Twelve hundred years ago hordes of bloodthirsty Vikings descended on Ireland,
pillaging, raping and killing. And they did not even say sorry.
Last week, finally, justice was done. Brian Mikkelson, the Danish culture
minister, apologised to the people of Ireland for the ravages caused by his
rampaging forebears. After a millennium of hurt and distress, Irish men and
women can now rest easy in their beds, having at last found closure to a great
historical trauma.
It is easy to lampoon Mikkelson's absurd apology for events for which not
only does he bear no responsibility but which took place before his nation
was even created, and about which the supposed victims barely know or care.
But Mikkelson is not alone. Political contrition has become all the rage.
The Queen has apologised to the Maoris in New Zealand for dispossessing them
of their lands and to the people of India for the Amritsar massacre of 1919.
Tony Blair apologised for the Irish potato famine. Bill Clinton said sorry
to the people of Nicaragua, Guatemala and Rwanda for failures of American
foreign policy. Pope John Paul II expressed contrition on more than a hundred
occasions including for the Crusades and the Inquisition. It is used to be
said that sorry was the hardest word. No longer, at least for politicians.
Why have political apologies become so fashionable? Largely because, over
the past decade, the nature of politics has changed. The end of the Cold War,
the collapse of Marxism, the blurring of the distinctions between left and
right, the disintegration of working class and other oppositional organisations
- all have transformed political debate making it less about competing social
visions than a humdrum discussion about how best to manage the existing political
system. As visions of a transformed future seem less plausible, so people
have become more obsessed by the past. The desire to atone for past wrongs
has come to supplant the search for a better tomorrow.
The politics of social change has given way to the politics of therapy. In
the past activists mobilised around the slogan 'Don't mourn, organise'. Today,
activists appear to organise to mourn.
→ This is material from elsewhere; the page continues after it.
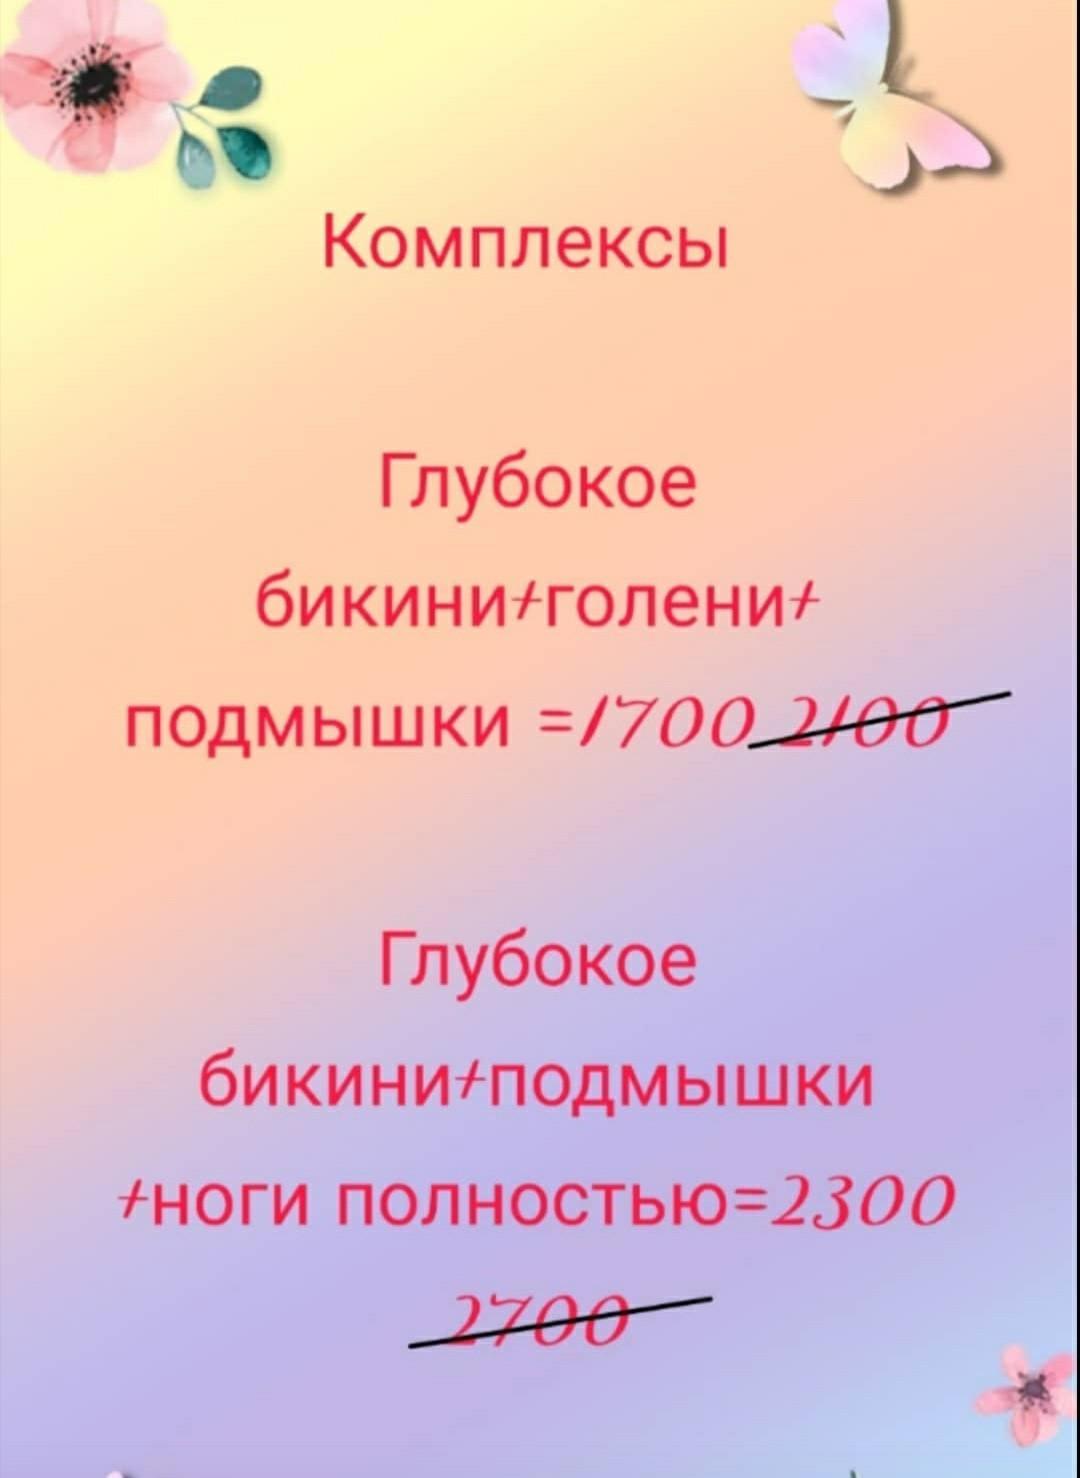 ШУГАРИНГВОСКⓂ АКАДЕМИЧЕСКАЯ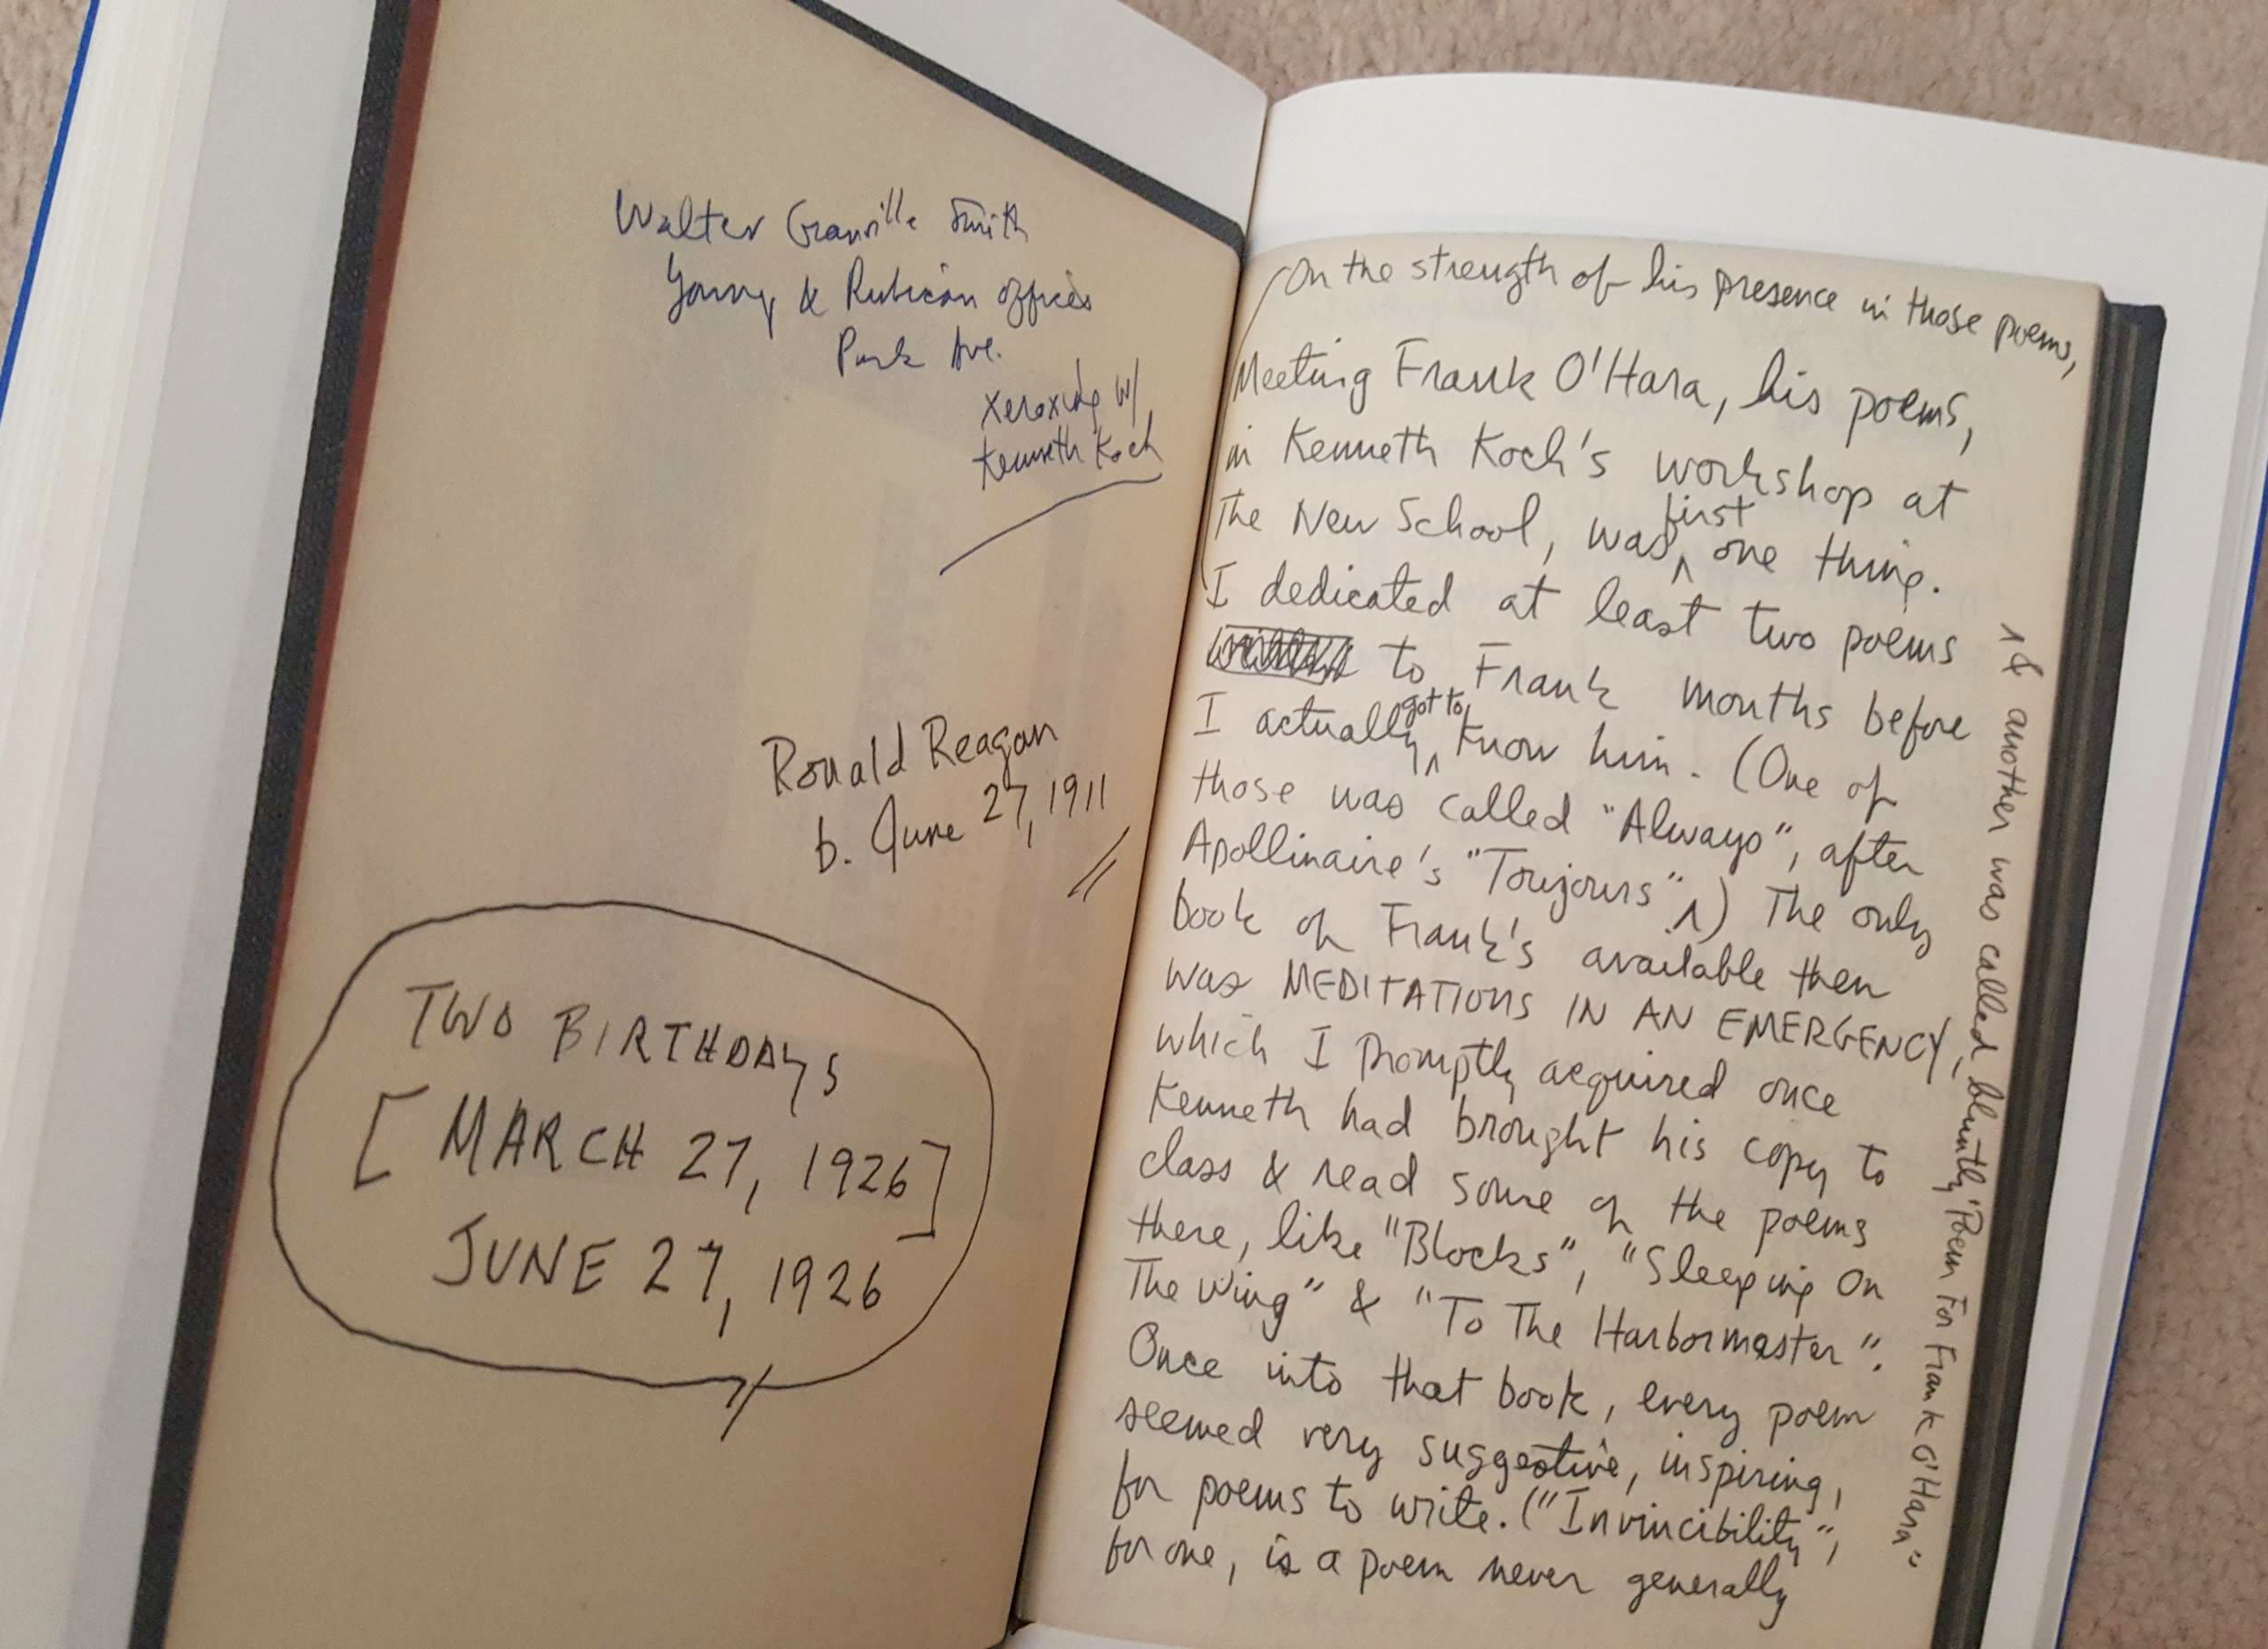 a frank o'hara notebook

Their aim seems less to effect political
change than to gain psychological comfort. Damage. Trauma. Healing. The very
language of apology is more akin to that of the psychiatrist's couch than
of conventional political debate. It is a language that fits neatly into our
let-it-all-hang-out world of confessional celebrity culture and professional
victimhood.
Advocates of political apologies suggest that official contrition helps bring
peoples together, compensate for past injustice and atone for wrongdoing.
But apologies are meaningful only insofar as they make you face up to the
consequences of your actions. That is why personal apologies can be painful
to make, and often require considerable courage. Not so with political apologies.
One cannot imagine Brian Mikkelson having sleepless nights over the hurt done
to the Irish, nor the Queen beating herself up over the Maoris' lost lands.
Indeed, it seems to be an iron law of political apologies that no one is willing
to be held to account for their own actions, but everyone is happy to shoulder
the blame for someone else's deeds, especially if those deeds happened way
back in history. Tony Blair took time out to apologise for the potato famine
but was silent when it came to Iraq.
Not only are political apologies meaningless but they also pervert the notion
of collective responsibility. Those who demand that Britain, for instance,
should apologise for the slave trade, or Germany for the Holocaust, or indeed
Denmark for Viking raids, are suggesting that people are guilty not because
of the actions they themselves took but because of the particular national,
religious, ethnic or racial group to which they belong. This is the modern,
secular version of the old Biblical belief that the sins of the fathers are
visited on their sons. It is a notion that carries with it the implication
that moral worth travels down the generations - the children of Nazis, or
all white Britons, are somehow morally sullied, while the descendants of Holocaust
survivors and of black slaves possess greater moral authority. It is ironic
that the attempt to come to terms with, say, the terrible racist consequences
of slavery and the Holocaust should itself generate an idea with which all
racists would be comfortable - the biological inheritance of virtue and vice,
of guilt and victimhood.
By detaching action from responsibility, political apologies can make it more
difficult to take the steps necessary to enforce real change. Saying sorry
for slavery, for instance, does not address the causes of the problems facing
black communities today. Indeed it might make it more difficult to address
those problems by encouraging people to view themselves as victims of their
history rather than as creators of their future.
The demand for political apology turns history into a series of sins to be
atoned for rather than events to be learned from. The acknowledgement of past
wrong-doing is certainly important. But the remembrance of yesterday's wrongs
should not supplant the search for a more just tomorrow.